Aan artikel 470 wordt een lid toegevoegd, luidende:

  • 3. Hangende de beslissing op de aanvrage tot herziening kan de Hoge Raad te allen tijde de tenuitvoerlegging van het gewijsde opschorten.

H

In artikel 472, eerste lid, wordt «artikel 467, eerste lid» vervangen door: artikel 467, eerste of tweede lid.

I

In artikel 474, tweede lid, wordt «artikel 467, eerste lid» vervangen door: artikel 467, eerste of tweede lid.

ARTIKEL II

Deze wet treedt in werking op een bij koninklijk besluit te bepalen tijdstip.

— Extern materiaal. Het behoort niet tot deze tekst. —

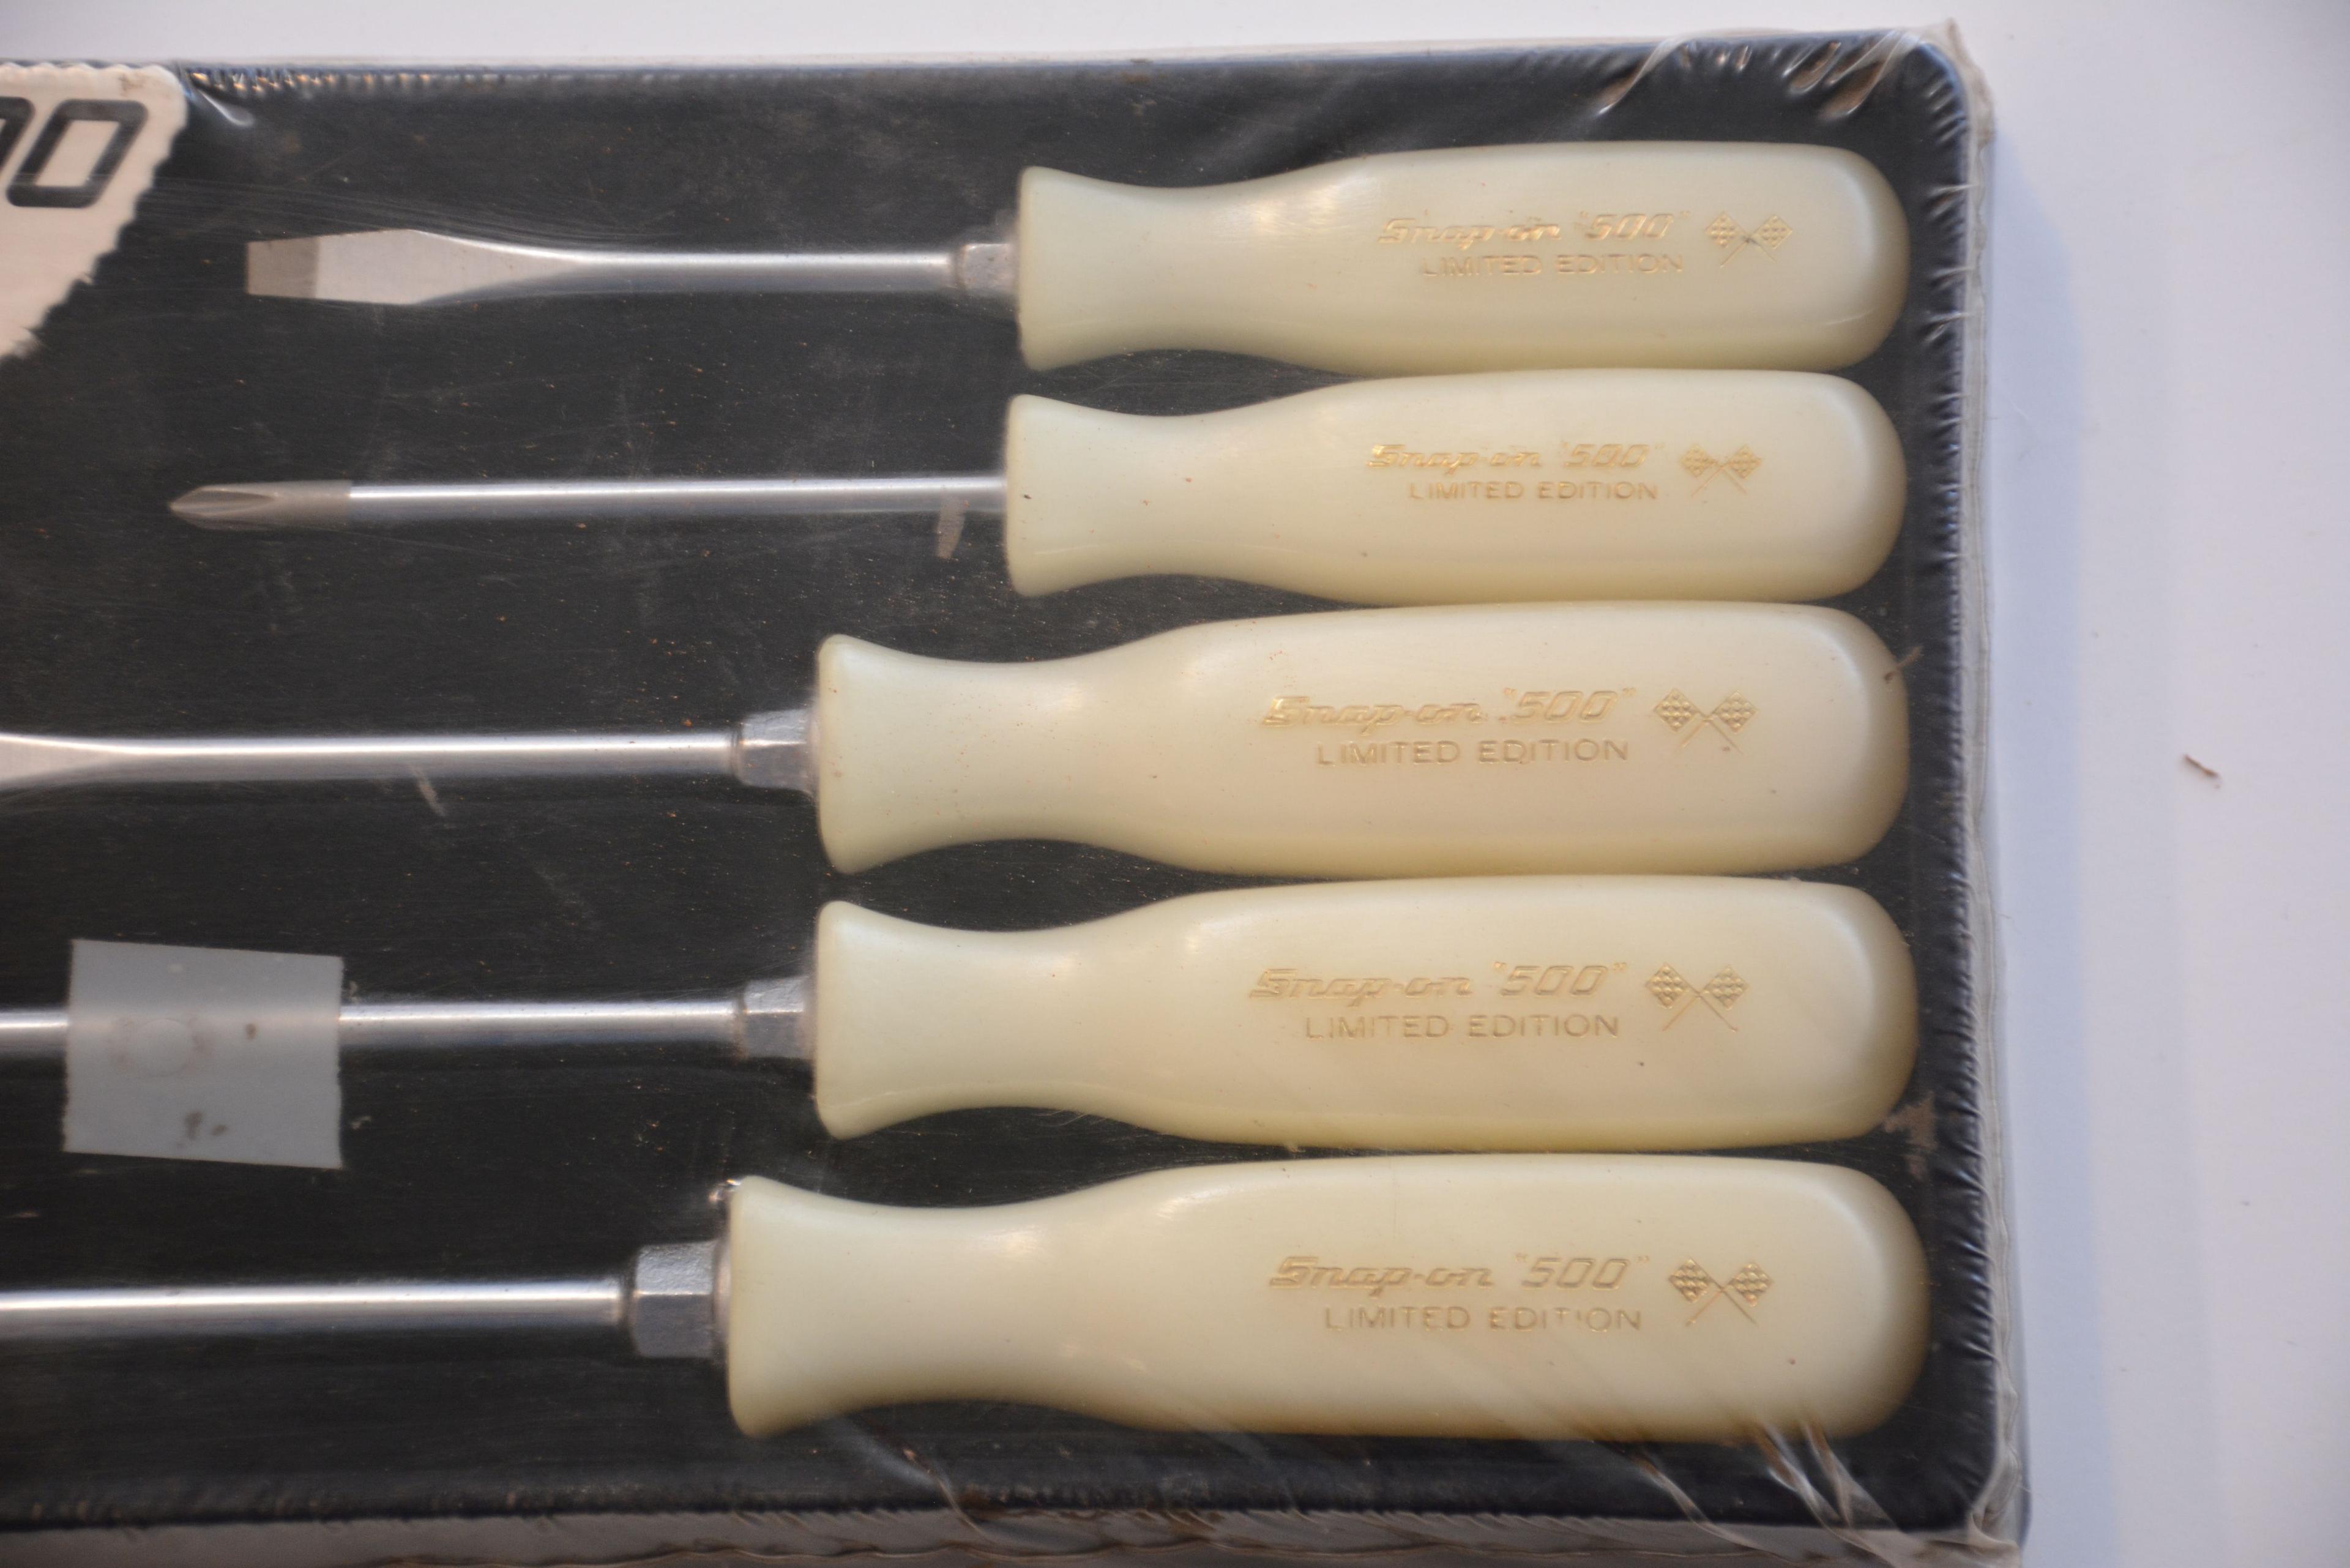 Snap-on Screw Driver Set, Commemorative Indianapolis 500

Lasten en bevelen dat deze in het Staatsblad zal worden geplaatst en dat alle ministeries, autoriteiten, colleges en ambtenaren wie zulks aangaat, aan de nauwkeurige uitvoering de hand zullen houden.

histnoot

Gegeven te 's-Gravenhage, 12 september 2002

Beatrix

De Minister van Justitie,

J. P. H. Donner

Uitgegeven de zesentwintigste september 2002

De Minister van Justitie,

J. P. H. Donner


XNoot
1

Laatstelijk gewijzigd bij de wet van 13 juli 2002, Stb. 440.

XHistnoot

Zie voor de behandeling in de Staten-Generaal:

Kamerstukken II 2000/2001, 2001/2002, 27 726.

Handelingen II 2001/2002, blz. 3073.

Kamerstukken I 2001/2002, 27 726 (216, 216a, 216b, 216c).

Handelingen I 2001/2002, zie vergadering d.d. 10 september 2002.